On July 10, 2010, Sturdivant was cited for simple possession of marijuana during a traffic stop.

During the 2010 season, Sturdivant played in the first three games and amassed 27 tackles before suffering a hamstring injury at Rutgers, which forced him to miss several games.

==Professional career==

Pre-draft measurables
| Height | Weight | Arm length | Hand span | Wingspan | 40-yard dash | 10-yard split | 20-yard split | 20-yard shuttle | Three-cone drill | Vertical jump | Broad jump | Bench press |
| 6 ft 1 in (1.85 m) | 241 lb (109 kg) | 32+1⁄2 in (0.83 m) | 10 in (0.25 m) | 6 ft 3+3⁄8 in (1.91 m) | 4.75 s | 1.69 s | 2.77 s | 4.47 s | 7.29 s | 34.0 in (0.86 m) | 9 ft 7 in (2.92 m) | 21 reps |
All values from NFL Combine/Pro Day

===Arizona Cardinals===
Sturdivant was drafted with the 171st pick in the 2011 NFL draft by the Arizona Cardinals. Sturdivant was cut by the Cardinals before the 2012 NFL season began.

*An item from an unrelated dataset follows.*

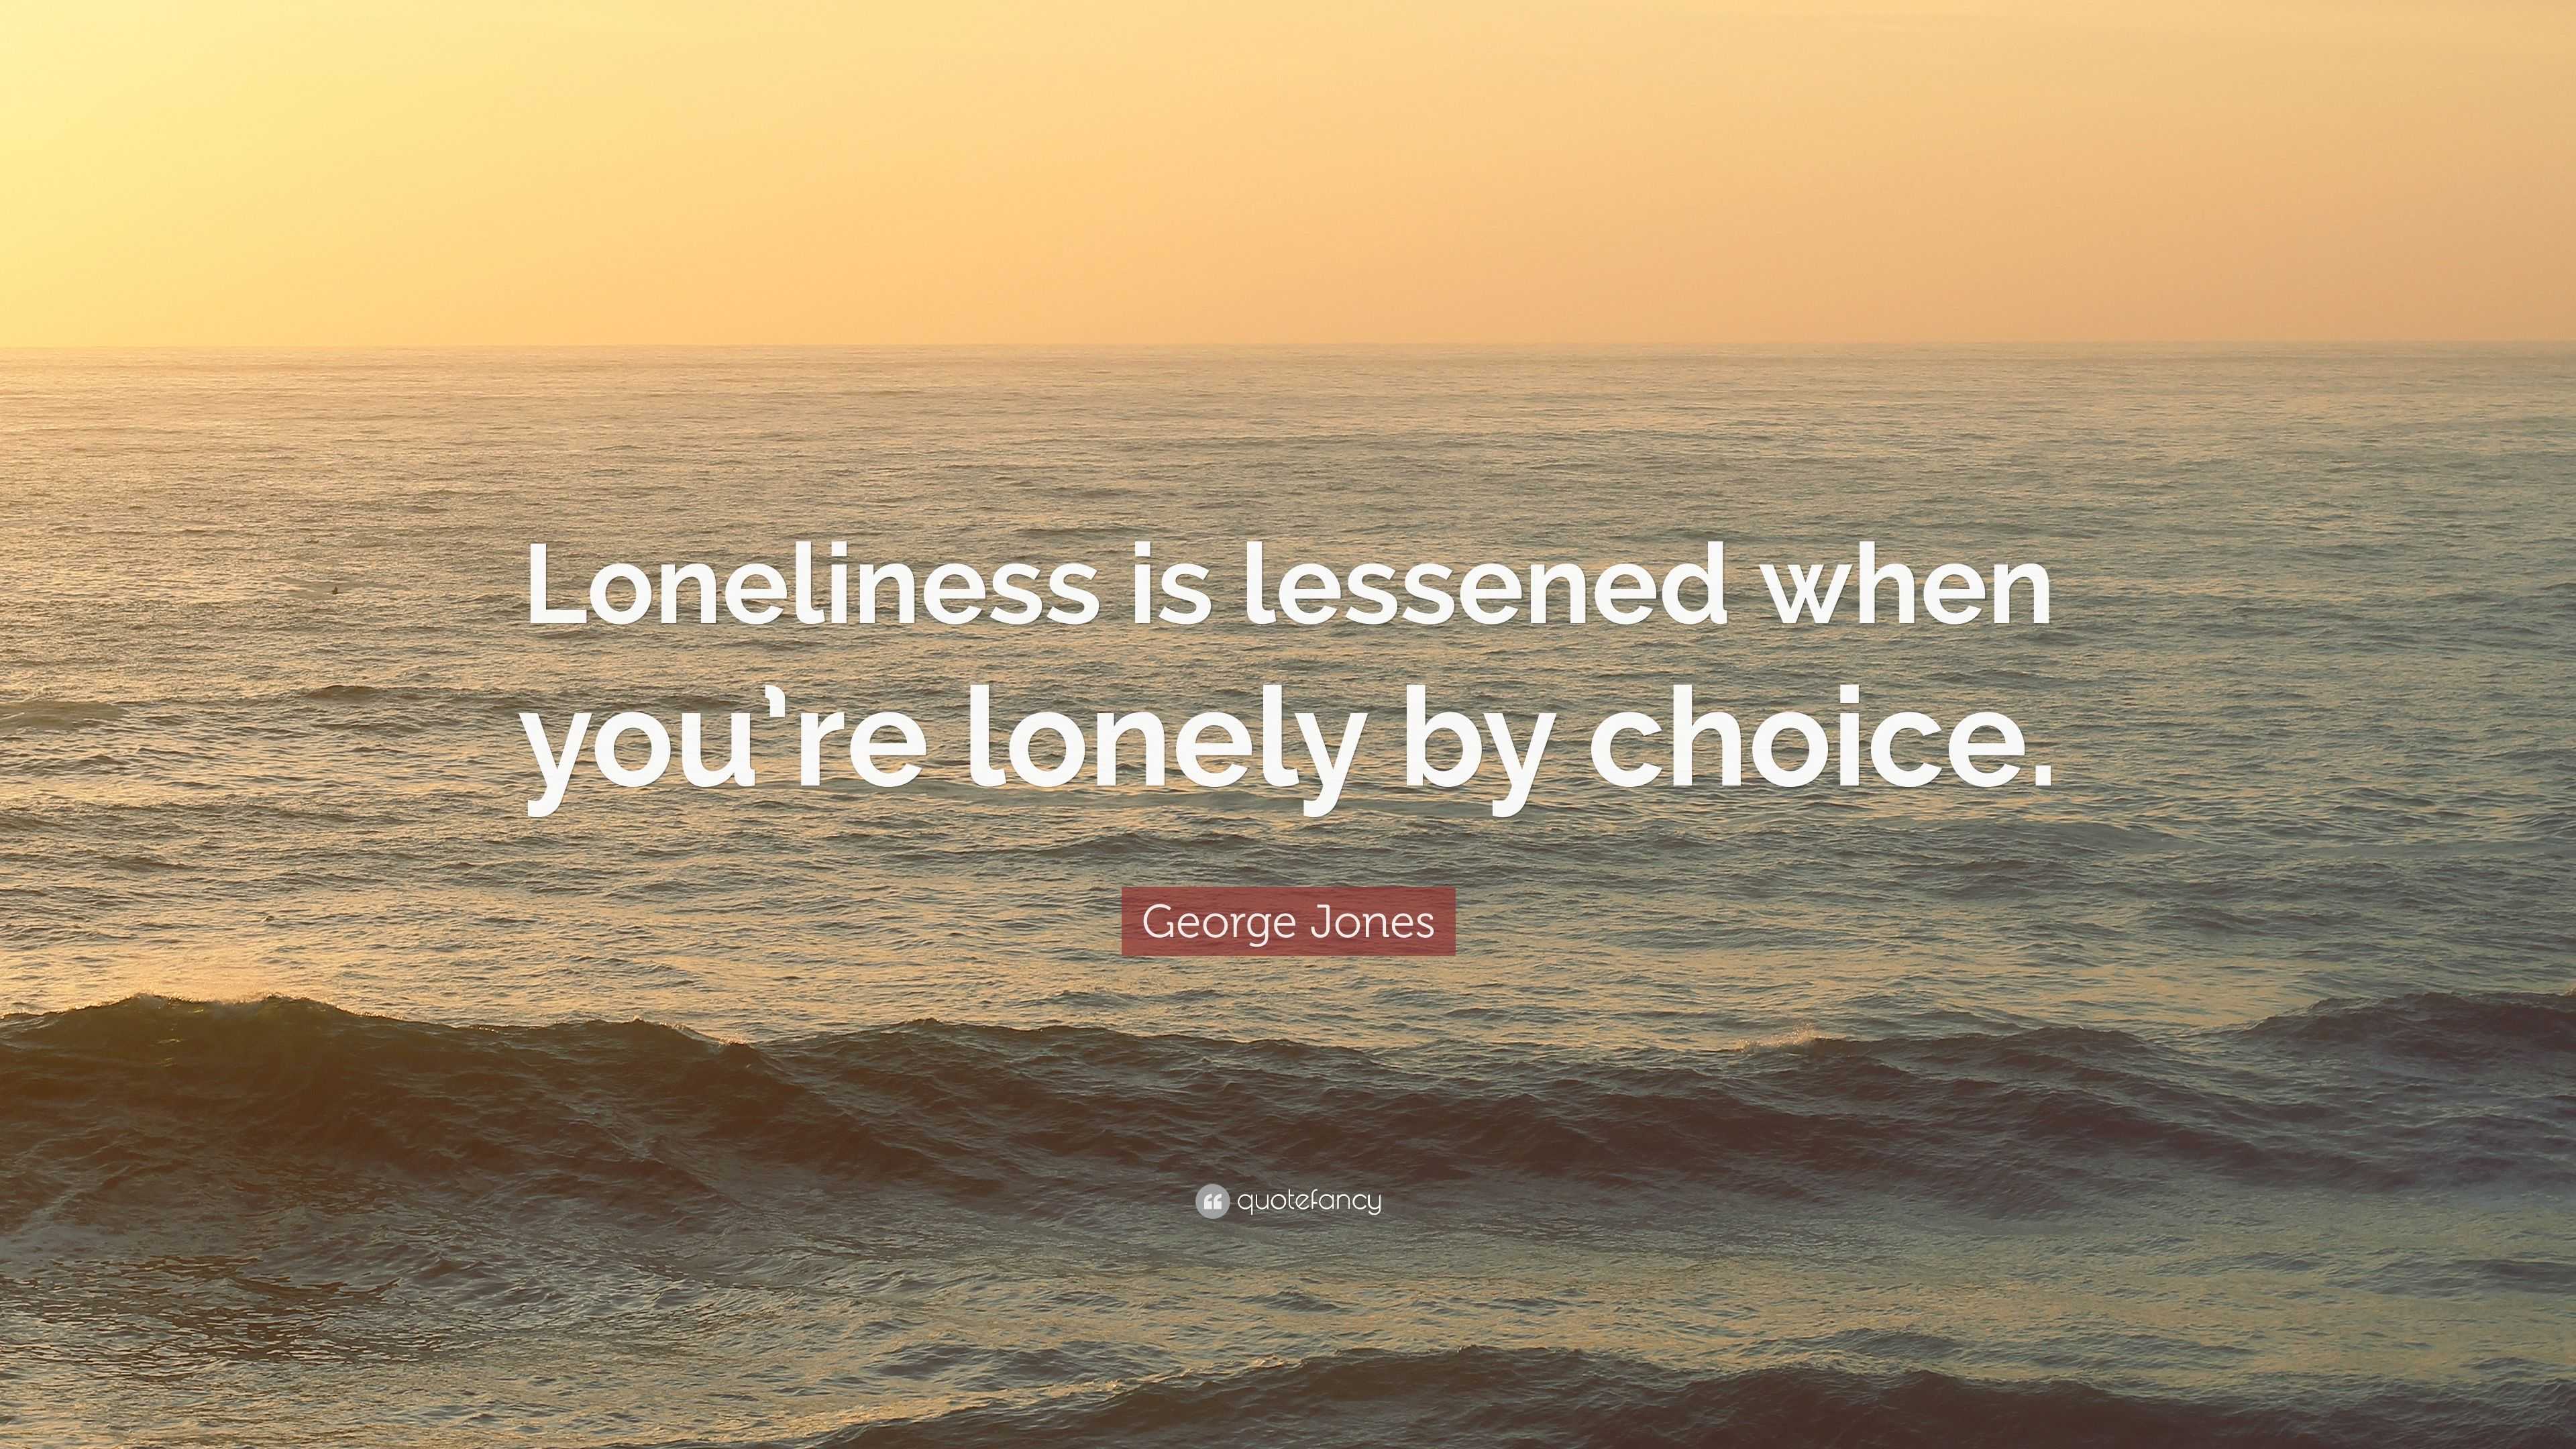 George Jones Quote: “Loneliness is lessened when you’re lonely by choice.”

===Sacramento Mountain Lions===
He signed by the UFL's Sacramento Mountain Lions.

===Kansas City Chiefs===
On November 29, 2012, he was signed to the practice squad of the Kansas City Chiefs.

===Washington Redskins===
On August 15, 2013, he was signed by the Washington Redskins. On August 26, 2013, he was waived by the Redskins.